Gorman’s path in the business wasn’t a foregone conclusion. Referring to the notion that “most men spend more time picking out a necktie than they do a career,” Gorman writes: ” I was part of that.”
In 1960, after three years as a line officer on destroyers in the U.S. Navy, he dropped by his alma mater, Bowdoin College, in Brunswick, Me., to get some career advice from the school’s placement director. The advice was simple: Talk to his grandfather about a full-time job. Until then, he was not excited about returning to the sleepy town of 5,000, “where big, arching elm trees still lined Main Street.”
Gorman did return and eventually rose up through the ranks of L.L. Bean, becoming president in 1967 after the death of his uncle, Carl. The local newspaper ran a 2-inch mention of the appointment, roughly comparable with what a baked bean supper announcement would get, Gorman noted. Jokes aside, his succession was in sync with the environmental movement that was gaining steam, as well as Americans’ interest in making the most of their leisure time. The brand’s 100 percent product guarantee helped the cause. Rapid growth followed to the tune of $30 million in sales, and Gorman realized the professional demands were more than he could handle himself, so he recruited professional managers from outside the company.
In 1976, L.L. Bean won a Coty award, and an 11-minute appearance on NBC’s “Today” show followed for Gorman. Asked how it felt to be “radical chic,” he replied that L.L. Bean had never been called “radical” to his knowledge, and he didn’t even know what “chic” meant. That statement got a chuckle out of the program’s host, Tom Brokaw, who knew Bean. Before long, CBS’s Dan Rather was off to Freeport for another look at the company’s functional and now fashionable apparel.

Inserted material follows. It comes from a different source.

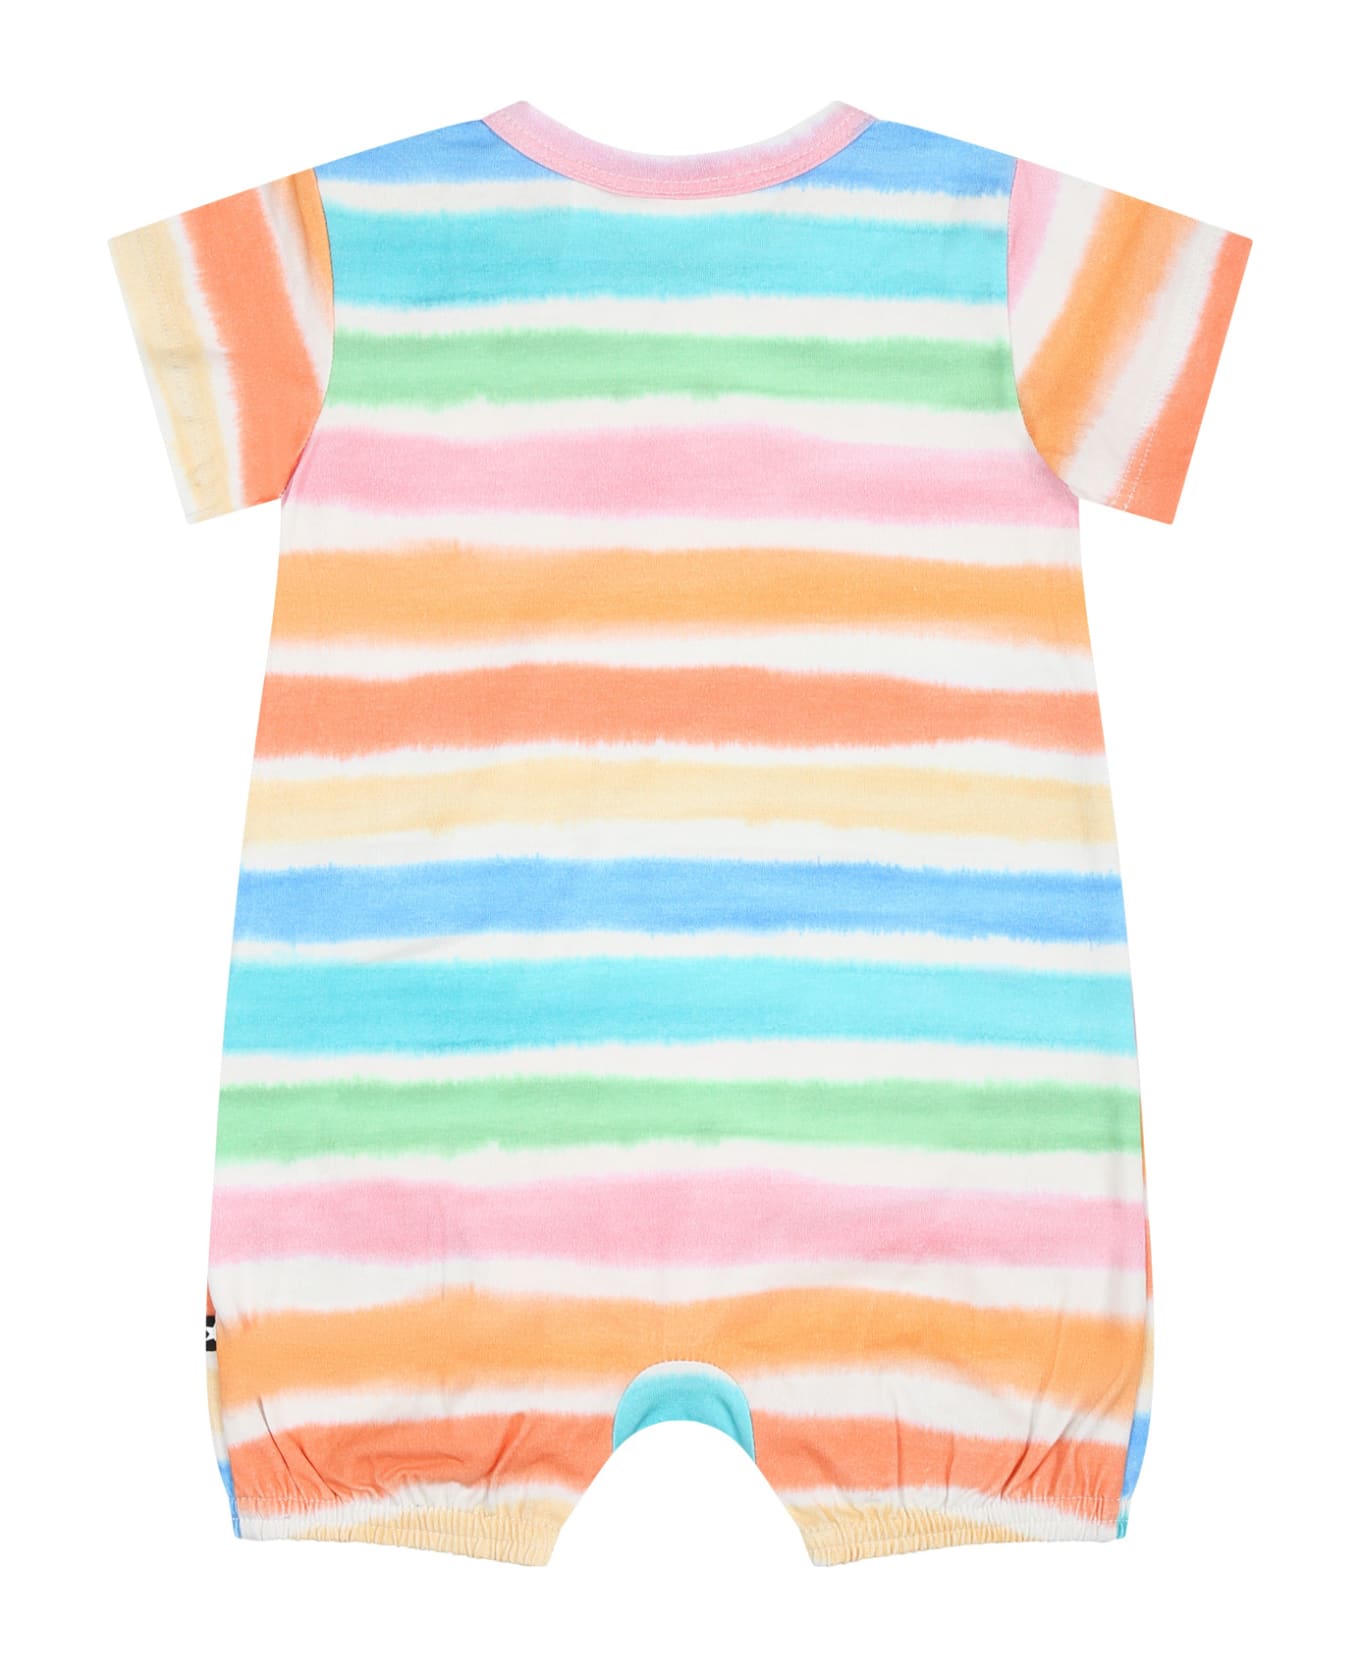 Molo Multicolor Romper For Baby Kids - Multicolor

In the early Eighties, the success of two books, “L.L. Bean’s Guide to the Outdoors” and “L.L. Bean Games & Fish Cookbook,” helped ratchet up the awareness of the brand. “But in spite of all our efforts to remain who we were, consistent from year to year, L.L. Bean became fashionable, at least for a time,” Gorman writes. Sales went even higher when “The Official Preppy Handbook” featured L.L. Bean. But Gorman said that was also a time of “intense competition with other retailers, stores getting into catalogues, catalogue companies getting into retail and everyone getting into rugged outdoors apparel.”

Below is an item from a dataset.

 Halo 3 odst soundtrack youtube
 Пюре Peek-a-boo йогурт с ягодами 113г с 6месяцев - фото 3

Gorman pressed forward in the Nineties by extending product lines to add children’s apparel, home furnishings, more women’s performance-oriented apparel and other categories. That was also when he decided that the company should open stores beyond the Freeport flagship. Along the way, the retailer raised its profile by hosting seminars and training sessions, cross-country skiing, fly-tying, hunting safety, backpacking and a bevy of other activities.
“This is not a how-to-do-it book,” Gorman said. “People should read the book and draw from whatever conclusions they are connecting on. I’m not saying what L.L. did was the right way. I’m presenting a factual account of what he did do.”

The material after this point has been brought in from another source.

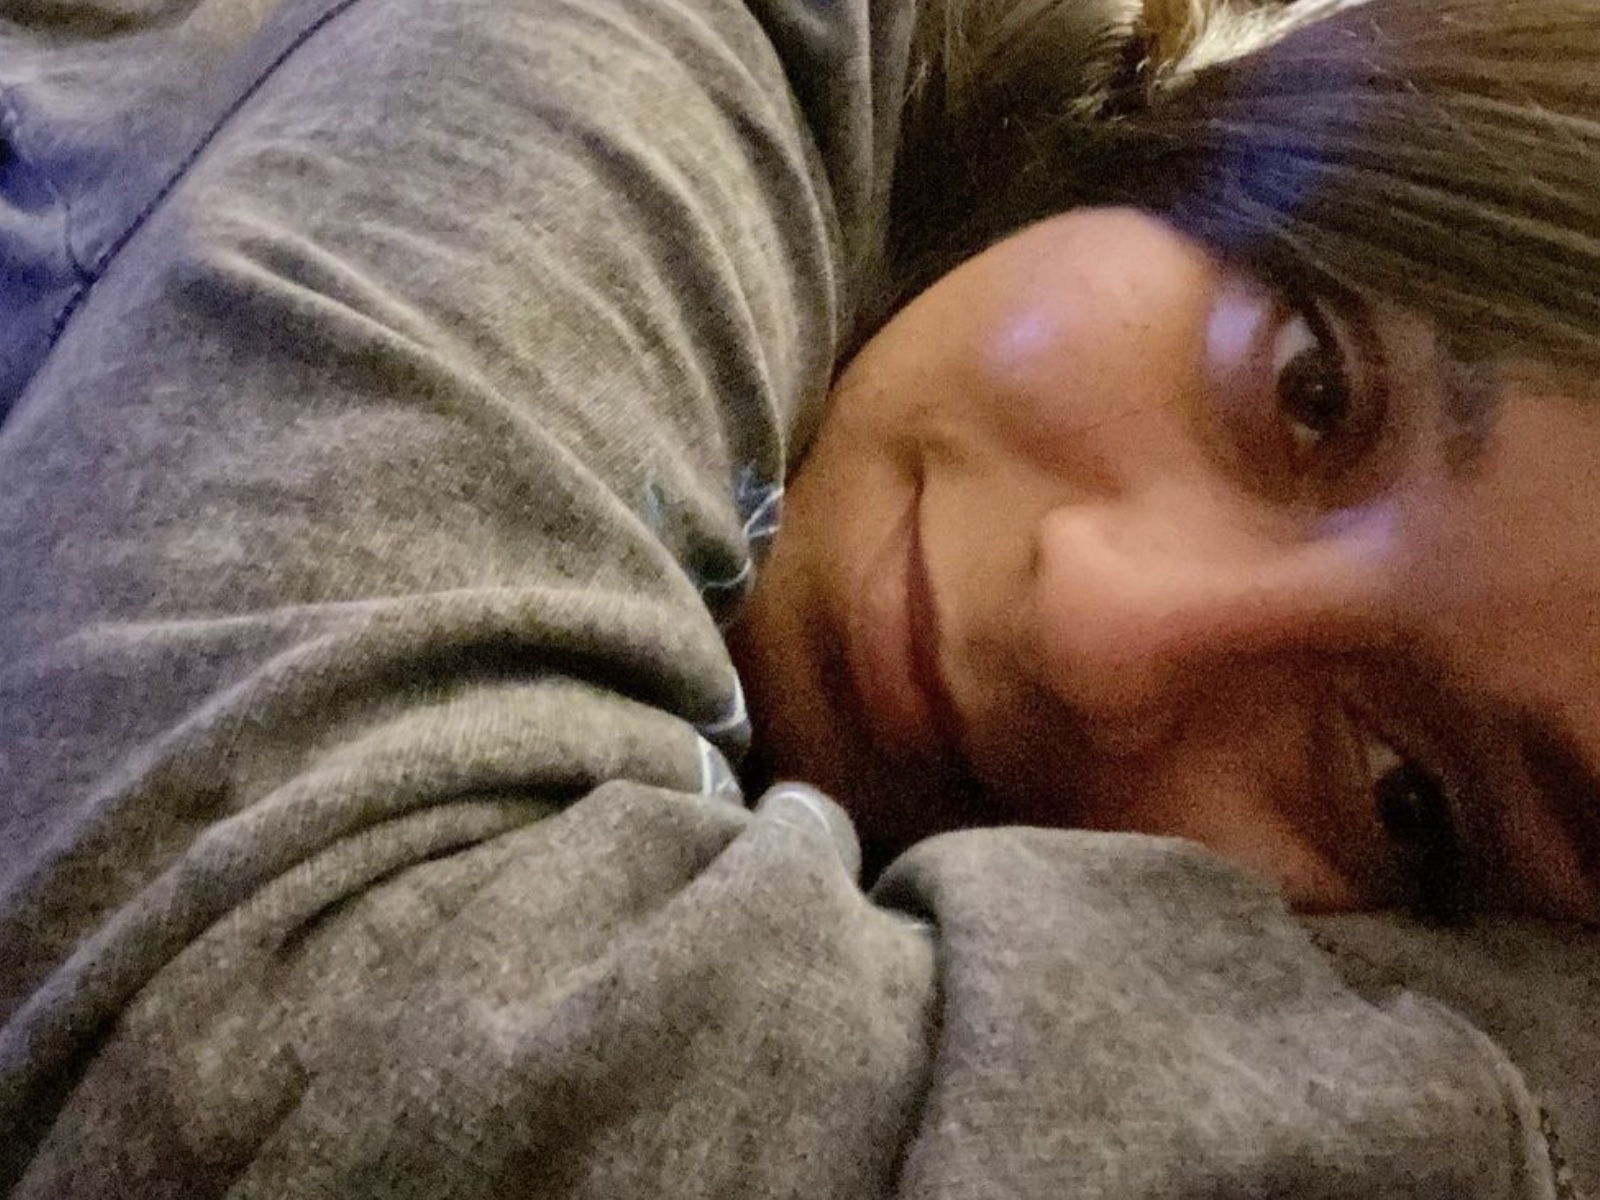 Tahiry Gives OnlyFans Sneak Peek In Steamy At-Home Selfie
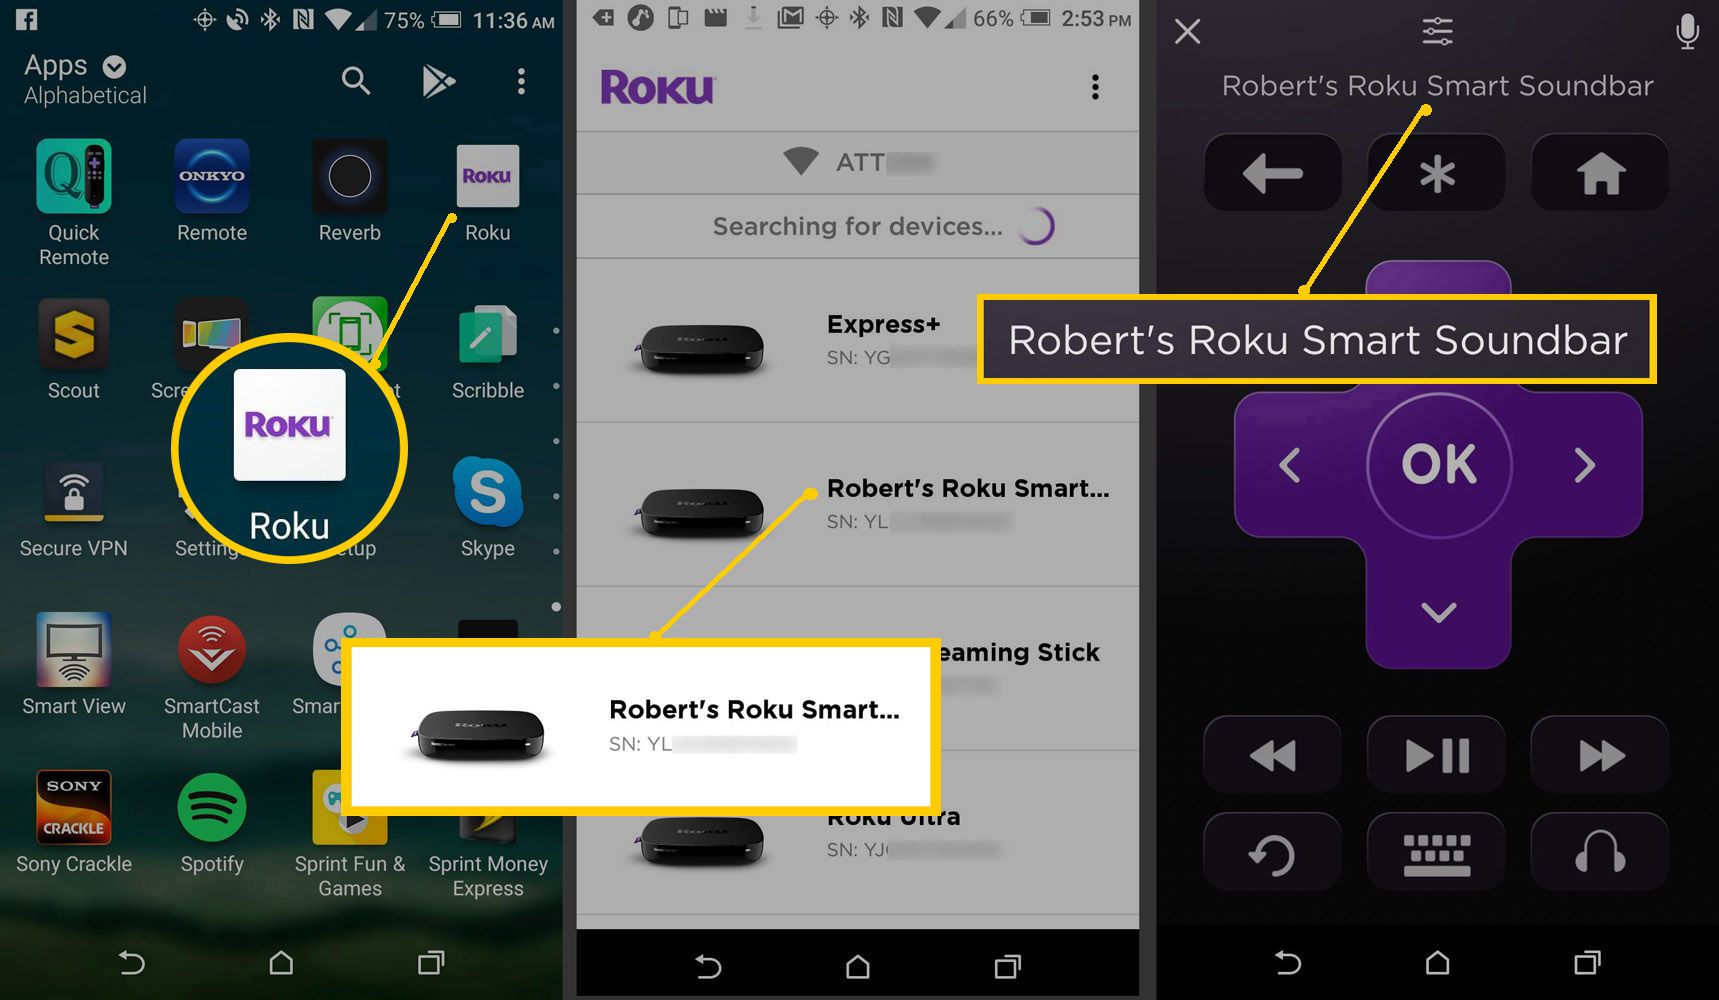 Roku Mobile App - Selecione Roku Soundbar

He is equally candid about transitioning out of his own leadership role. “Presidential succession is always a tricky situation even with the best people and the best of intentions. I don’t know that there are many people who went from a pure novice to an entrepreneur to a professional manager to a strategist to an emeritus who lived to tell about it. I started out as a hands-on manager but became more inclusive and process-oriented, getting other people involved with the decision rather than making it myself.”
Like his grandfather, Gorman still practices what he pitches. “I wear L.L. Bean or use it every day, whether it’s a fly rod or a flannel shirt,” he said.